Page 75 of Just Forever

I shrug one shoulder. “You win some, you lose some.”

The loss stings, but most of my brain has been occupied with Lake ever since I got off the ice earlier tonight.

He lets out a soft laugh and throws me a look over his shoulder. “Stop being so mature. You’ll make the rest of us look bad.”

I kiss his shoulder blade and roll off him. Lake lets out a sound of protest, but then he turns around and burrows against my side. I tug the comforter over our naked bodies and hug him even closer.

“How did your meeting with Scott go?”

He’s silent for a while, and I don’t know what he’s thinking. It’s a bit of a rare occurrence these days. Lake’s… He’s my other half, so I can read him like my favorite book. I can guess his thoughts from the look on his face or the tone of his voice. If he has a bad day, I usually notice the moment he comes home, even if he tries to hide it from me.

Now, I suddenly find myself in the dark.

I’m not a fan.

“It was good,” he says slowly before he raises his head a bit and looks at me. He’s frowning. “Yeah, I think it went well?”

Relief. That’s all I feel right now. It’s not that I expected this meeting to be an unmitigated disaster, exactly. It’s not even that I had any real expectations. But there’s a small part of me that was worried about the possible repercussions if it had all gone to shit.

Lake has been let down by too many people in his life already, and he still struggles with trust, so the possibility of Scott jumping in and fucking him up for no reason at all makes me feel violent.

“That’s good,” I say, as neutrally as I can.

“He says he wants to get to know me,” Lake adds with the kind of dubious expression he gets on his face whenever somebody expresses any interest in him as a person. And now I feel violent again.

It’s not just that John abandoned Lake when he found out Lake wasn’t his biological son. No. It goes much deeper than that. By abandoning Lake, he also shattered all the self-confidence Lake had. I don’t even think Lake himself realizes just how much it screwed him up as a person when his father—the man who raised him since birth—suddenly disappeared from his life and made damn sure to show Lake just how much he rejected him.

Lake was so busy trying to survive his messed-up home life for the better part of his childhood that I don’t think he ever stopped to map out the exact ways his parents’ shitty decisions have affected him as a person.

But that’s not really the point.

Lake is happy.

With me, the two of us together, in this life we keep building for ourselves, he’s happy.

I’ll be damned if I let anybody take it away from him or ruin it for him.

“I’m not a hundred percent sure he means it,” Lake continues, still with that frown. “But I guess I’m taking the chance. We went out to dinner, and it was pretty nice. He asked about my life, and I told him about school and where I live.” He sends me a quick look. “Not about us,” he adds quickly, and I hate that he feels the need to do that.

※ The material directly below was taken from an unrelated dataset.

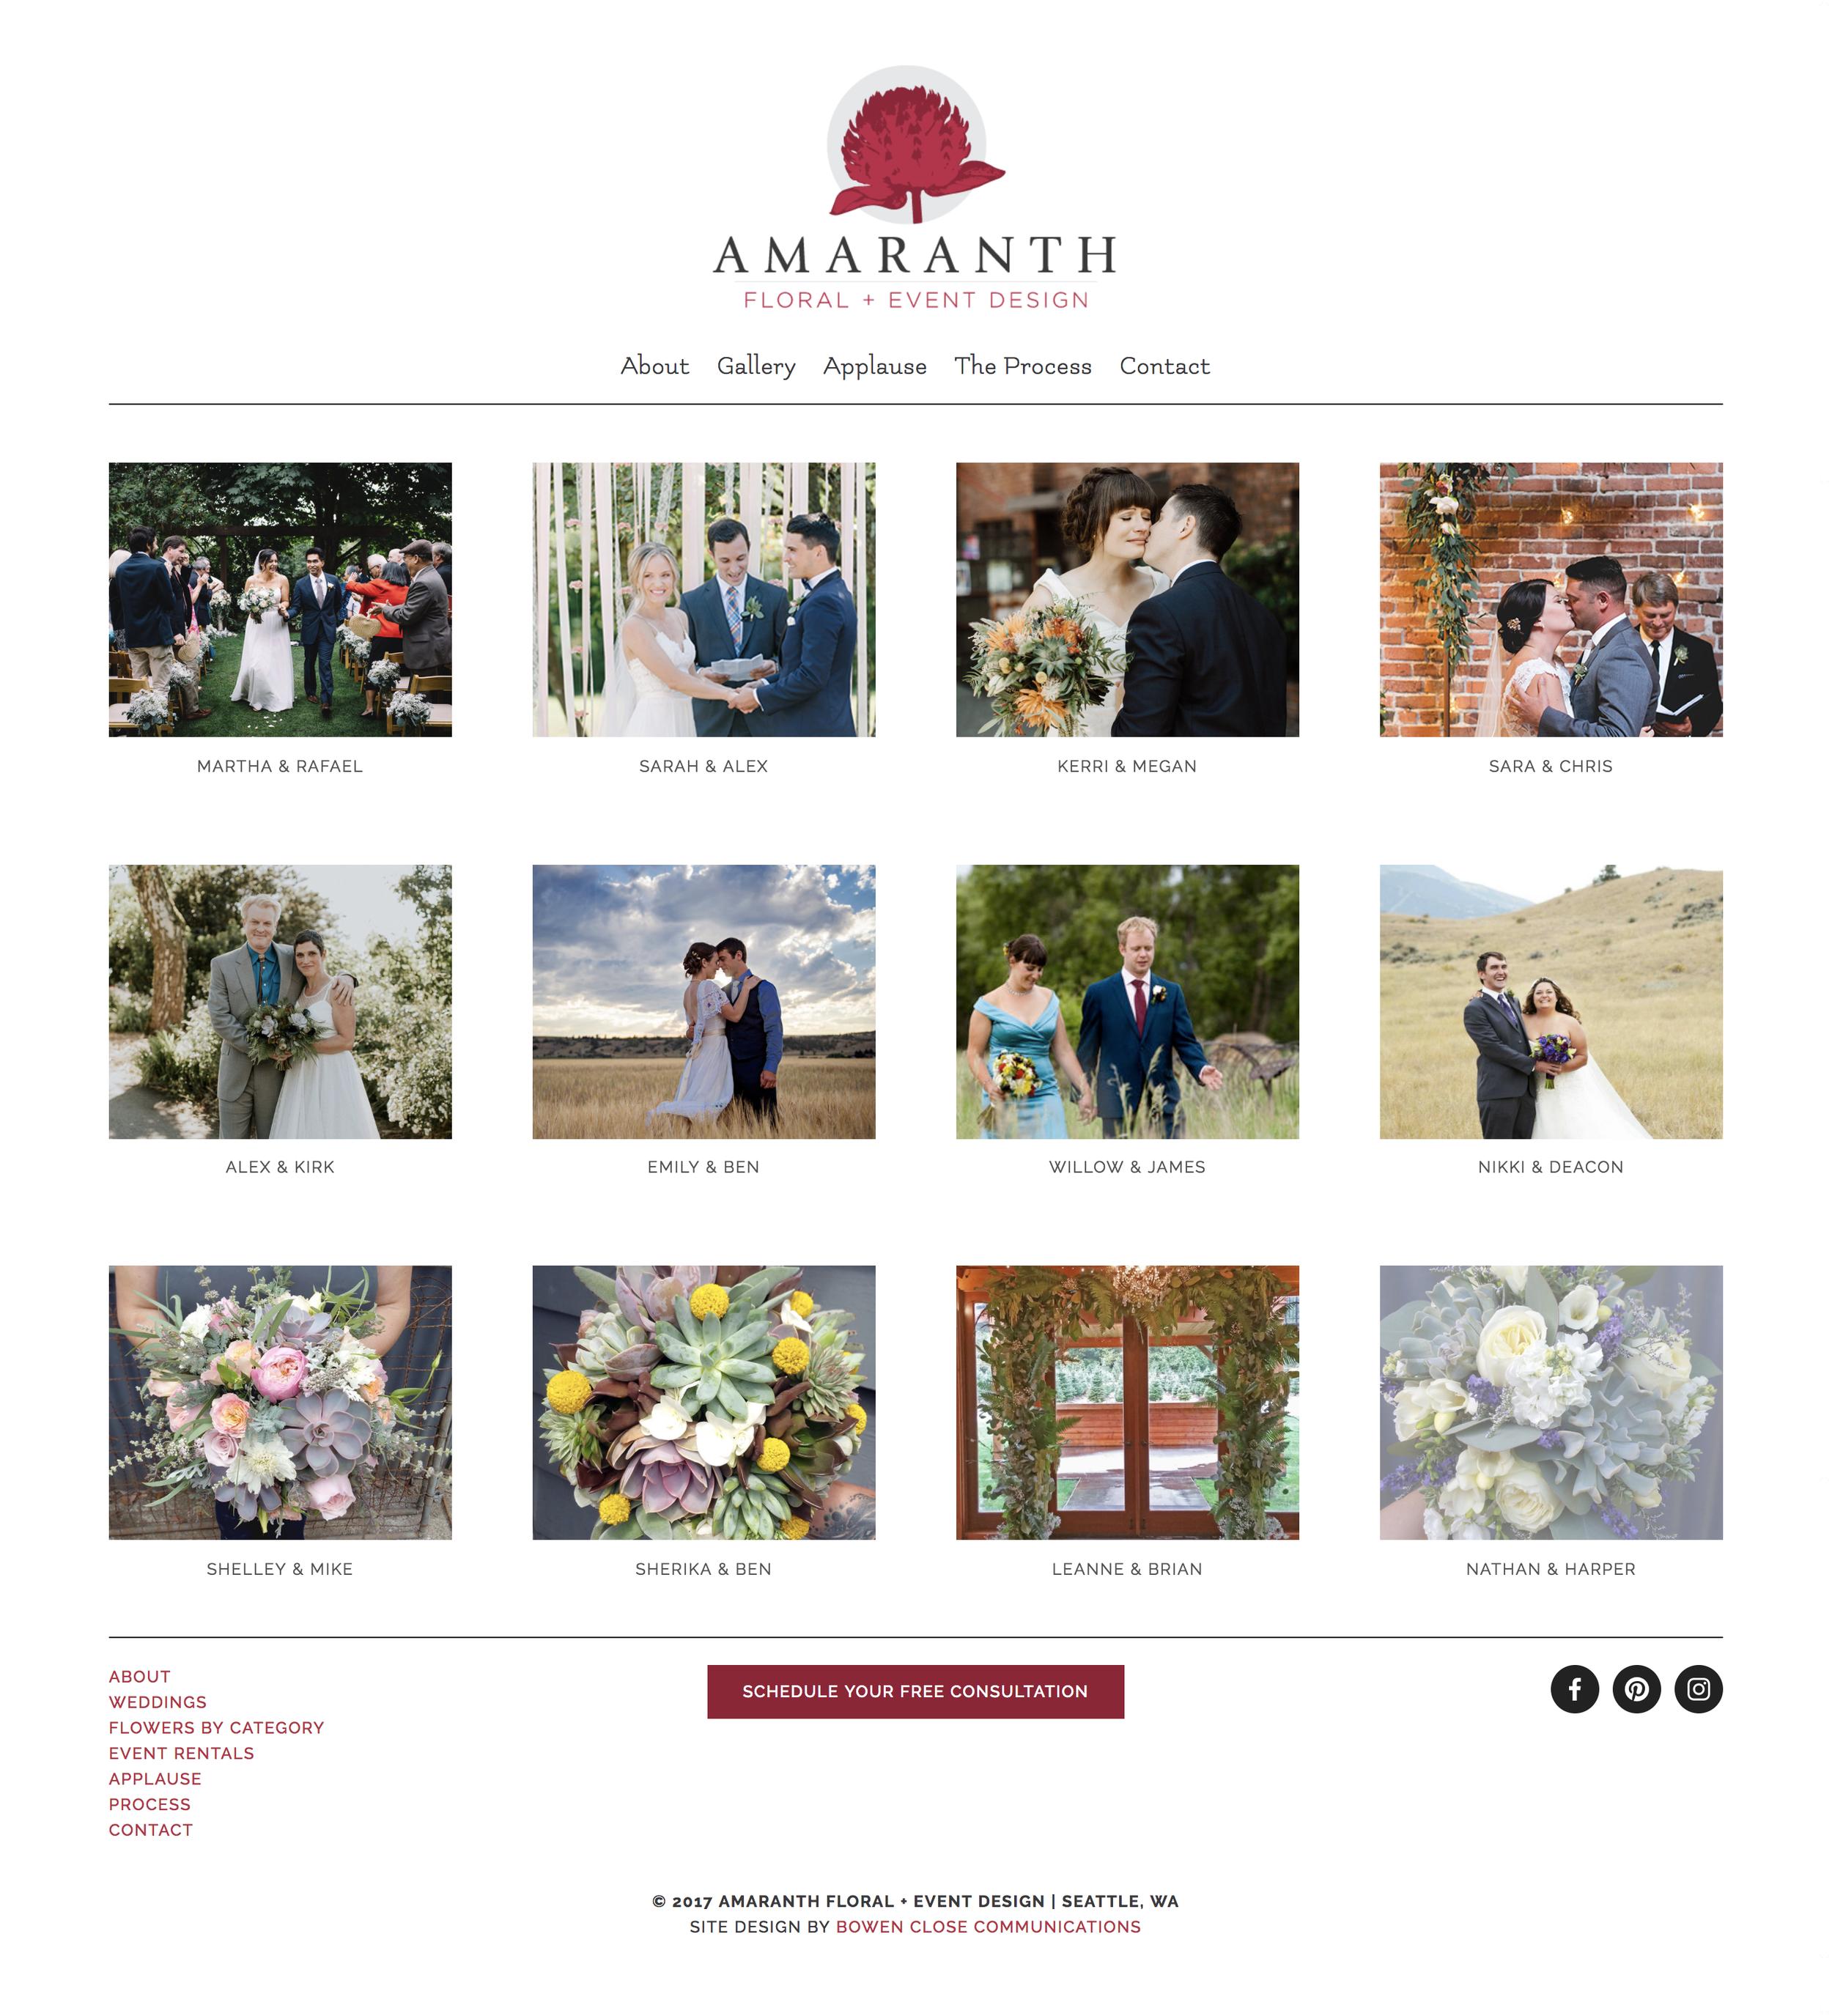 Amaranth - Weddings page.png

“You could if you wanted to,” I say.

“He hasn’t earned it. At least not yet.”

I leave that topic be for now. On the one hand, I agree he hasn’t earned it yet. On the other, we do need to have that talk. About these secrets we’re keeping and how they affect us in the long run. I can’t keep him hidden forever. It’s so fucking unfair to even ask him that, and the more days pass, the more I feel that it’s unfair to ask me that, too.

But that’s a discussion for another day. Right now, we have a full plate.

“Okay,” I say. “What’s his plan, then?”

“No idea. I mean, he said he’d call next week because he’ll be in town again. Some kind of meeting or something. Whatever.”

His tone is, for all intents and purposes, bone dry. But I can hear the hope. That faint, so, so careful hope that rings through the sardonic edge of his voice.

I hurt because of that tiny increment of hope. It shouldn’t be there. It should be something irrefutable and undeniable and absolute that Lake is wanted. A law of nature.

A law of Lake.

“I won’t get my hopes up,” he says. “Scott’s not exactly known for being reliable. At least he didn’t used to be back when I knew him. He once promised to take me go-karting. It was Christmas, and I was eight, and he gave me one of those gift cards to ourlocal track and promised he’d take me once spring hit. I’m still waiting for that.”